Даньке казалось, что он — Джим Хокинс, попавший на пиратскую шлюпку, направляющуюся к необитаемому острову, где зарыты сундуки с золотом. Поэтому и было не совсем страшно, а как-то даже любопытно. Что же дальше?
Переживал? Это да. Но больше не за себя, а за папу. Куда тот запропастился? Данька точно знал, что отец выжил во время нападения. Даже в странном состоянии, из которого его потом вывело прикосновение жуткого незнакомца в глубоко надвинутом капюшоне (вот когда было страшно, потому как черные пальцы, ощупавшие Данькино лицо, оказались леденяще холодными), он сумел разглядеть, что среди тех несчастных, которых убили работорговцы, его папки нет.
Так где же он? Почему до сих пор не забрал из лап этих бандитов? Наверное, крадется сейчас за ними по пятам, дожидаясь удобного момента. Будто какой-нибудь Следопыт. А потом как нападет, как поубивает всех и освободит Даньку и его товарищей по несчастью. Он это может, он ведь о-го-го какой!
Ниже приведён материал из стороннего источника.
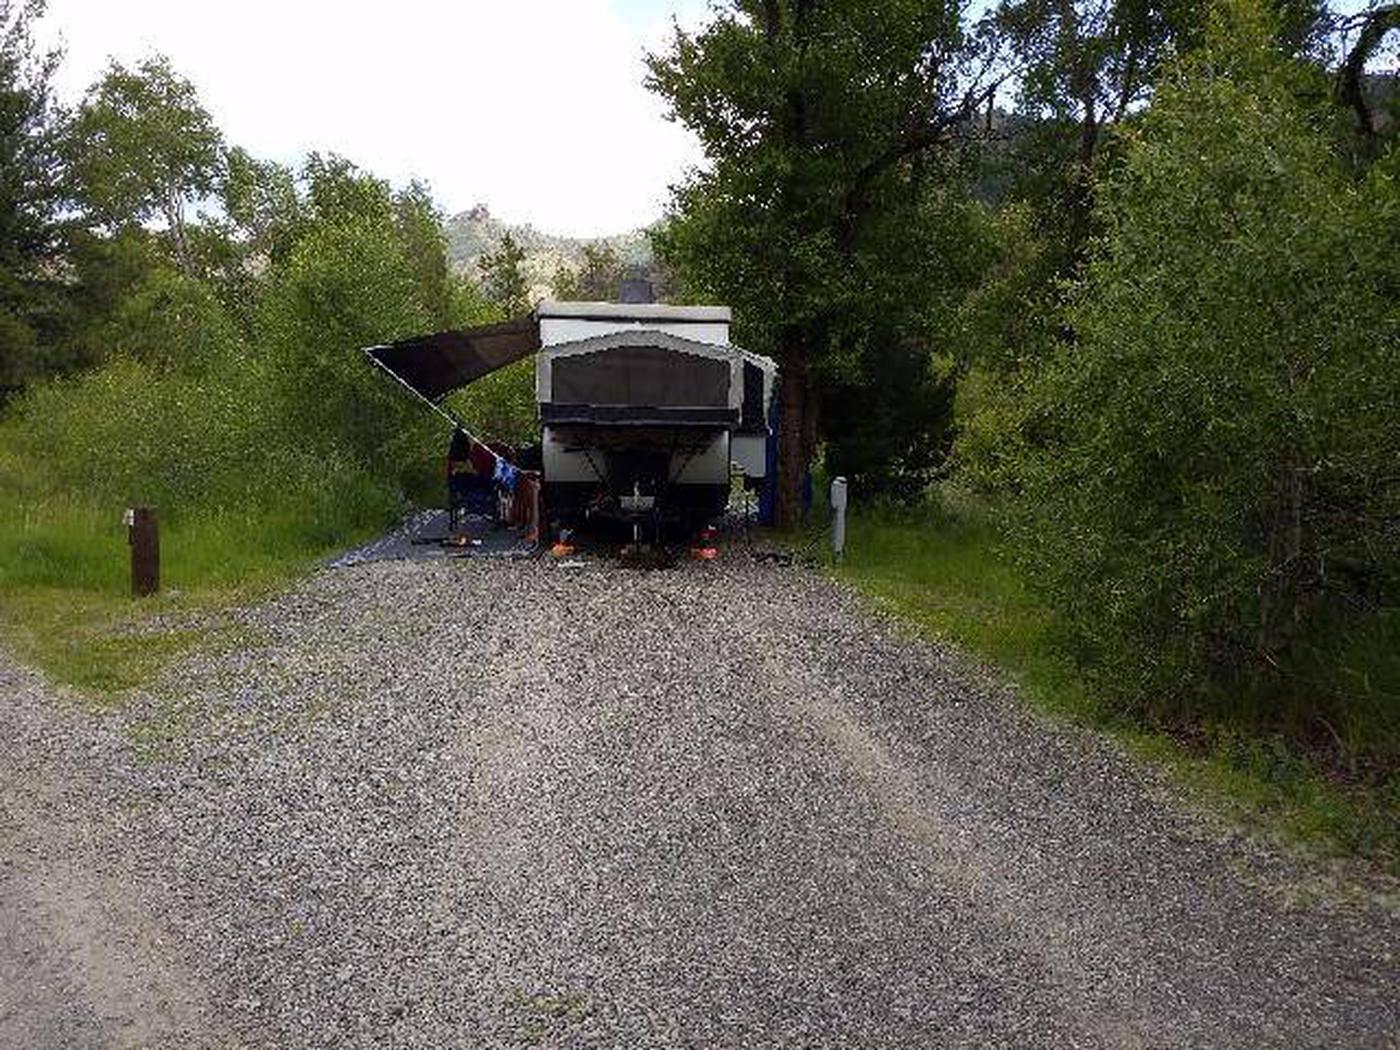 Wapiti Campsite 11 - Parking Area with RV

Хоть Музыкант (так его называли взрослые) и не занимал какой-то официальной должности в Холодногорском форте, люди его уважали и часто обращались за помощью и советом. То какой-нибудь спор из-за имущества разрешить, то порекомендовать, какое оружие против того или иного мутанта применять. А то и просто придумать имя новорожденному ребенку. Его не раз просили войти в Совет поселения, но он постоянно отказывался, будто от чего-то очень неприятного и непосильного. Данька сам дивился упорству папки. Ведь и так делает то, что и остальные члены Совета, так почему же не принять должность? Спрашивал пару раз об этом, но Карел морщился, как от зубной боли, и говорил, что когда Даня вырастет, то сам поймет.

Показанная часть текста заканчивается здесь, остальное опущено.